The rolling hash algorithm fixes this by computing a hash for the initial window in O(m), then updating it in O(1) as the window slides. You're not re-hashing from scratch each time. You're doing arithmetic on the previous hash. The result is an O(n+m) algorithm that handles substring search, duplicate detection, and binary-search-on-length problems that show up regularly in interviews.
Recomputing the Hash Every Step Is Just O(n*m) in Disguise
Imagine you're looking for "ab" in "cabd". At position 0 you hash "ca". At position 1 you hash "ab". At position 2 you hash "bd". Each hash computation reads every character in the window. If your pattern is 100 characters long, you're doing 100 comparisons per step even before you find anything.
The observation that makes rolling hash work is that consecutive windows share m-1 characters. When you slide one position right, you drop one character from the left and add one on the right. The hash should reflect that incrementally, not require a full recompute.
Think of it like a conveyor belt. The belt moves forward one box. You don't dismantle the entire belt and rebuild it from scratch just because one new box arrived at the end.
The Polynomial Hash Formula
Rolling hash uses a polynomial evaluated at a base B, taken mod a large prime P:
H(s) = s[0]*B^(m-1) + s[1]*B^(m-2) + ... + s[m-1] mod P
Each character contributes its value multiplied by a decreasing power of B. The highest power goes to the leftmost character, so "ab" and "ba" hash differently. Character values are c - 'a' + 1 ('a'=1, 'b'=2, and so on), which avoids zero-value characters collapsing polynomial terms into nothing.
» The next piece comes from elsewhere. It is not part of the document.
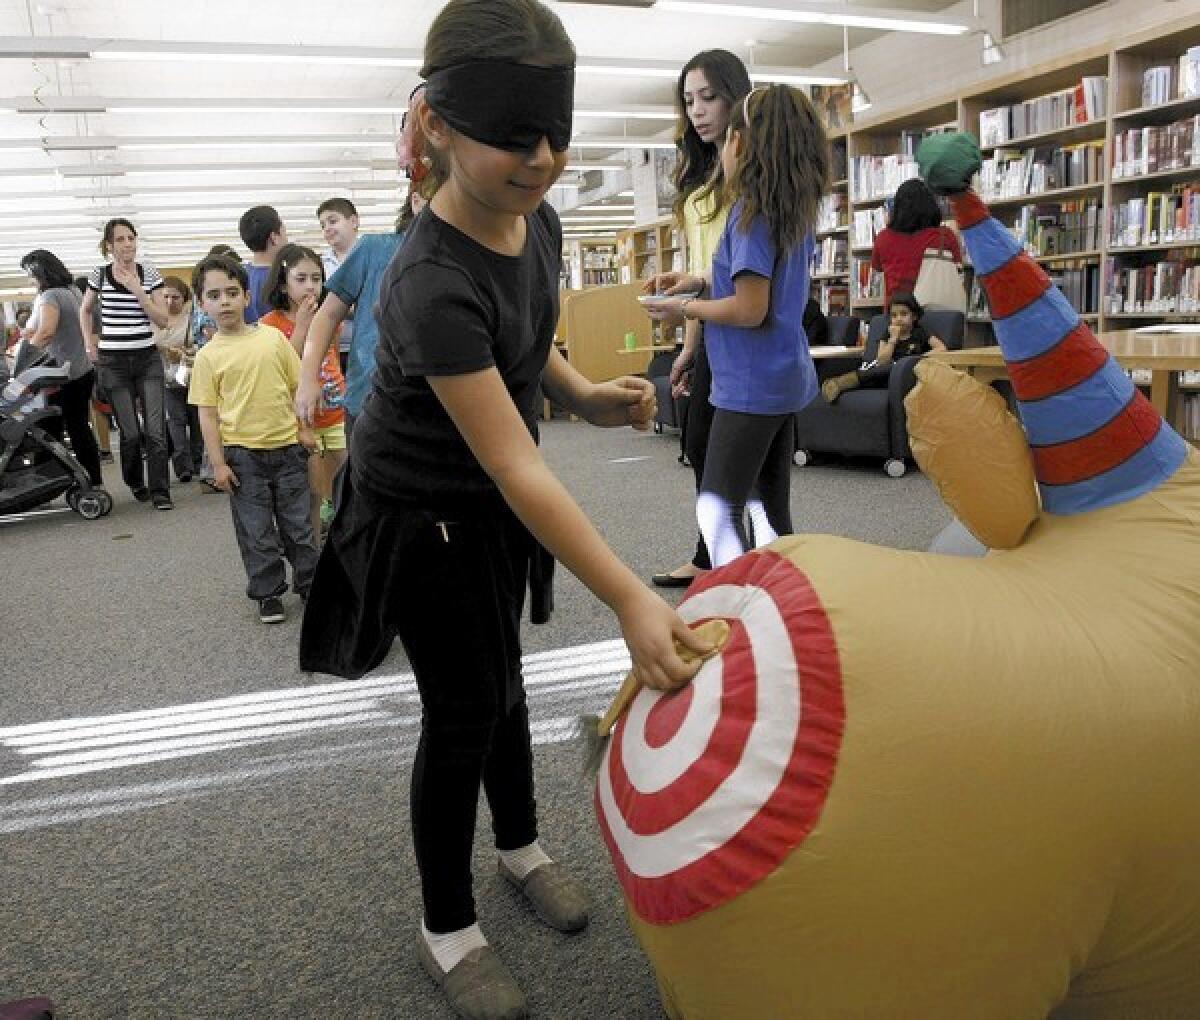 Stacey Torosian, 8, of Glendale, pins the tail on the donkey during the Grandview Library's 50th anniversary celebration at the library on Friday, Jan. 17, 2014.

The formula is exactly Horner's method: start with 0, multiply by B, add the next character value, repeat. This lets you build the initial hash in a single left-to-right pass without computing enormous intermediate powers.
The Slide Step Costs Three Operations. That's It.
When the window moves right by one position, you drop s[left] and add s[right+1]. In polynomial terms:
H_new = (H_old - s[left] * B^(m-1)) * B + s[right] mod P
Break it down: subtract the contribution of the character you're removing (it had the highest power), multiply by B to shift the remaining characters up one power, then add the new character at the lowest power (B^0 = 1).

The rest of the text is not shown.